Stock markets in Asia showed a mixed picture on Tuesday. According to government data, industrial companies in China are facing declining profits, and the World Bank lowered its growth forecast for East Asia.
Stocks in New York again closed on Monday with losses due to concerns about a recession and interest rate hikes.
The Nikkei in Tokyo gained 0.5 percent, its first gain in a week. Technology group Hitachi Zosen was one of the strongest climbers, with a profit of 4.5 percent. The company plans to spin off its marine engine division and sell over a third of the new business to shipbuilder Imabari.
The Hang Seng in Hong Kong lost 1.1 percent, with internet conglomerates Alibaba (minus 2.9 percent), Tencent (minus 2.7 percent) and oil company Cnooc (minus 1.4 percent) on the main index, among others. The Shanghai stock market was 0.3 percent higher.
Reuters news agency reports based on insiders that Chinese regulators have asked investment funds to prevent large fluctuations in the stock markets.

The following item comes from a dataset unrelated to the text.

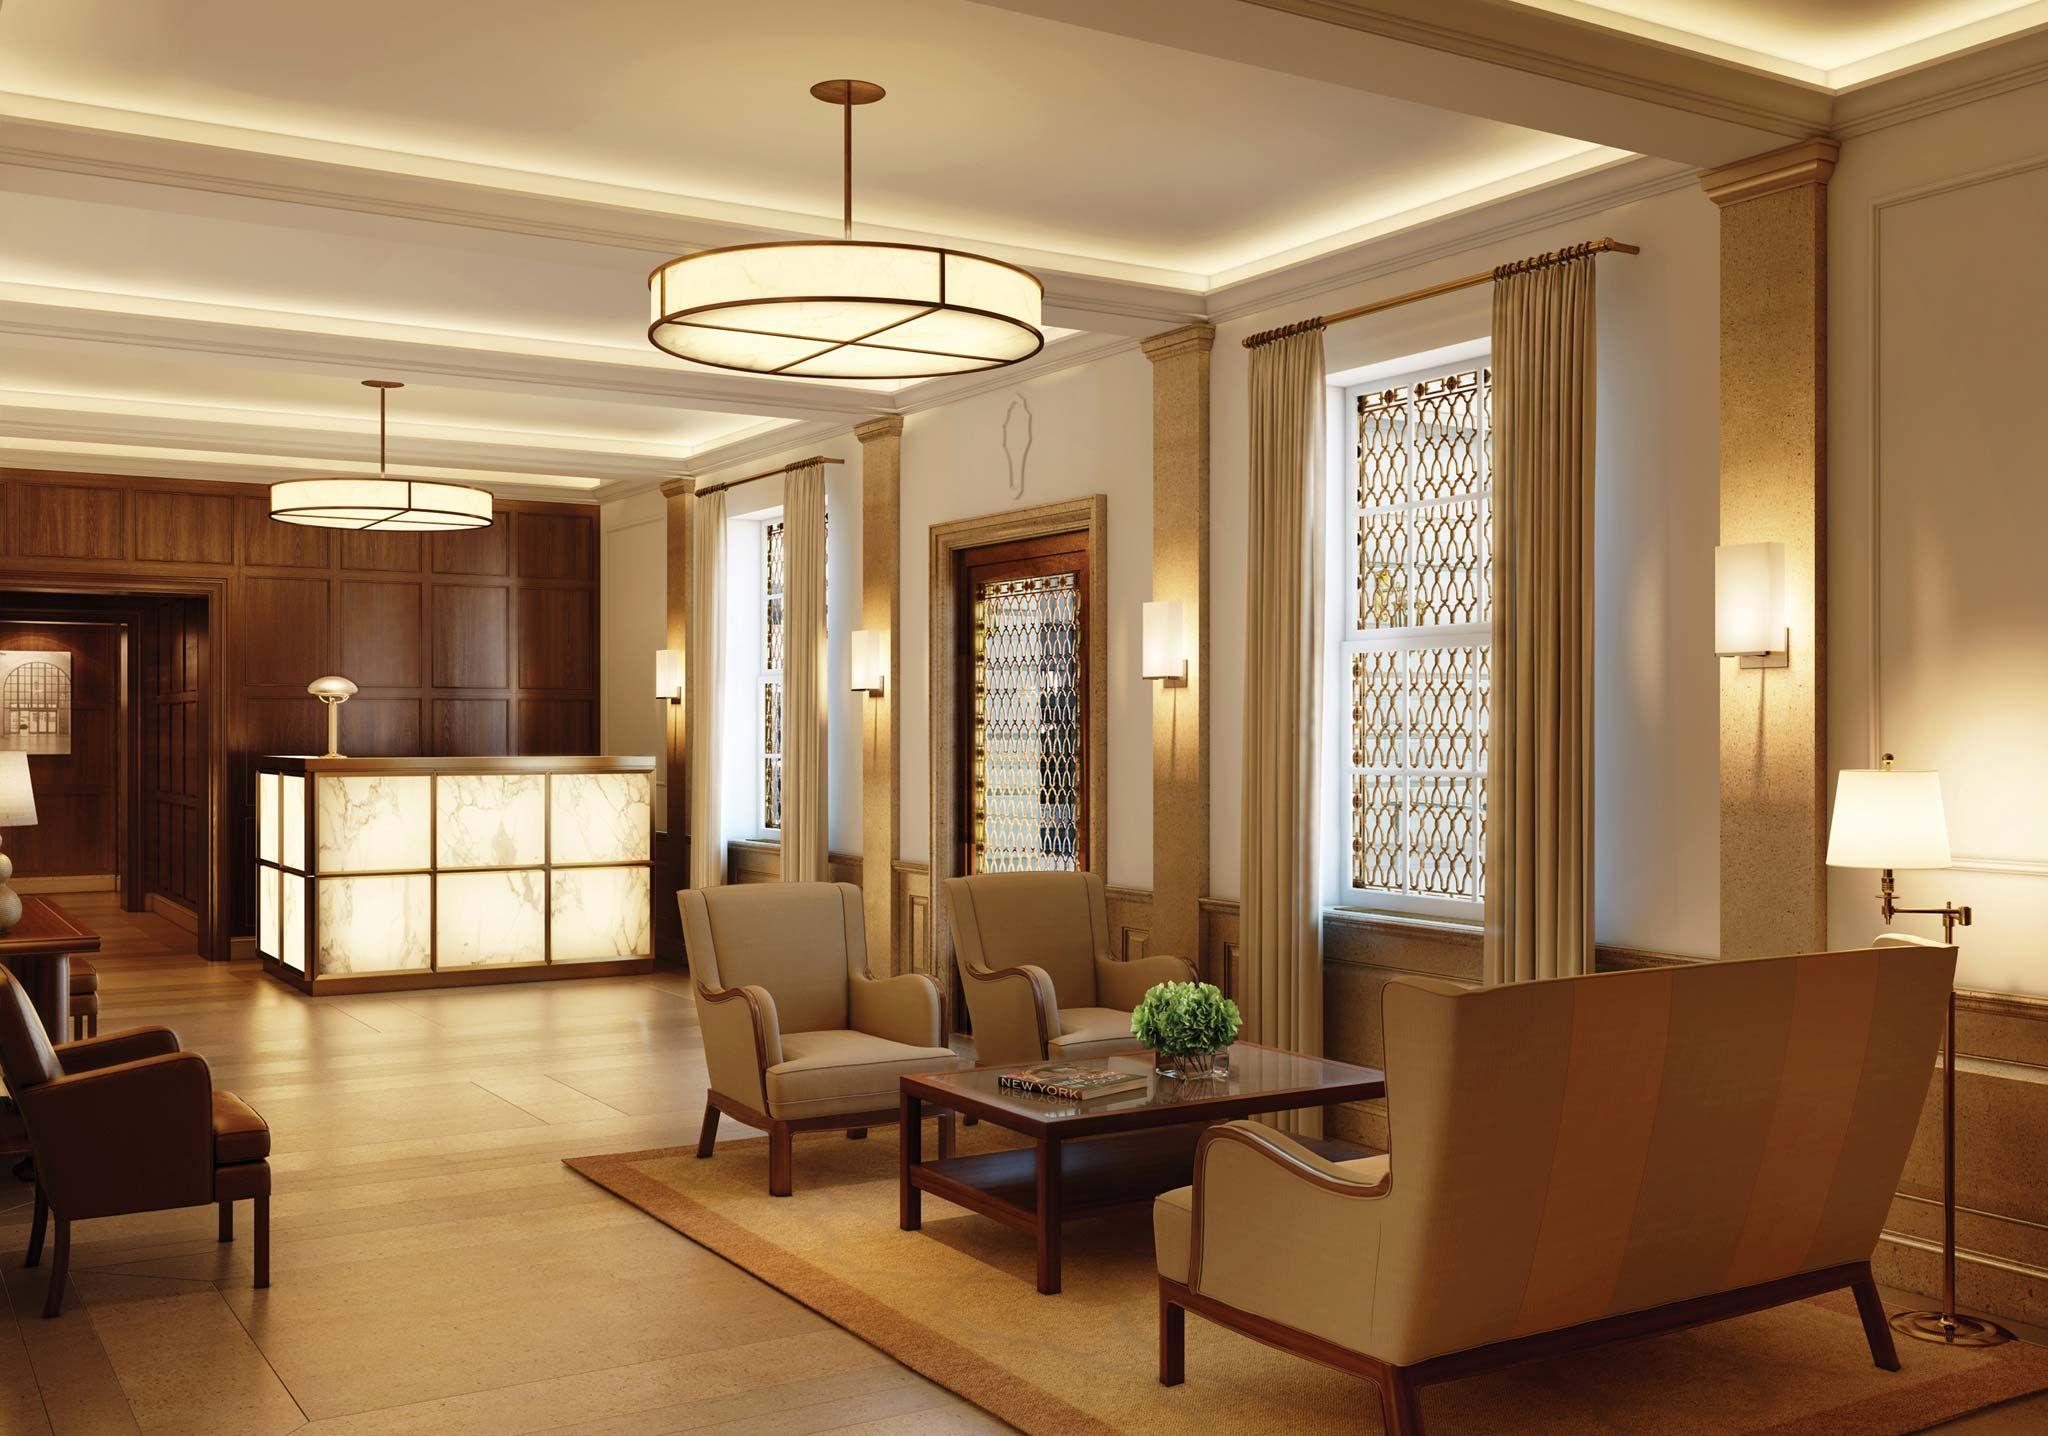 Luxury Upper East Side apartments lobby. Luxury Upper East Side apartments lobby   Harmony   Pinterest

By not selling shares en masse, certain funds had to avoid significant losses before the Communist Party congress.
The World Bank lowered its growth forecast for East Asia mainly because the economy of superpower China is growing less rapidly. At the same time, inflation in the countries will be higher than previously estimated by the financial institution. The Chinese currency yuan, meanwhile, is trading at its lowest level since 2008, prompting the Asian country’s central bank to intervene in the currency market.
The All Ordinaries in Sydney won 0.3 percent, and the Kospi lost 0.6 percent in Seoul. In Australia, consumer confidence improved according to a measurement by the bank Australia & New Zealand Banking Group. This was mainly because Australians are less pessimistic about inflation. The country’s central bank reported that consumers in South Korea also became more positive in September.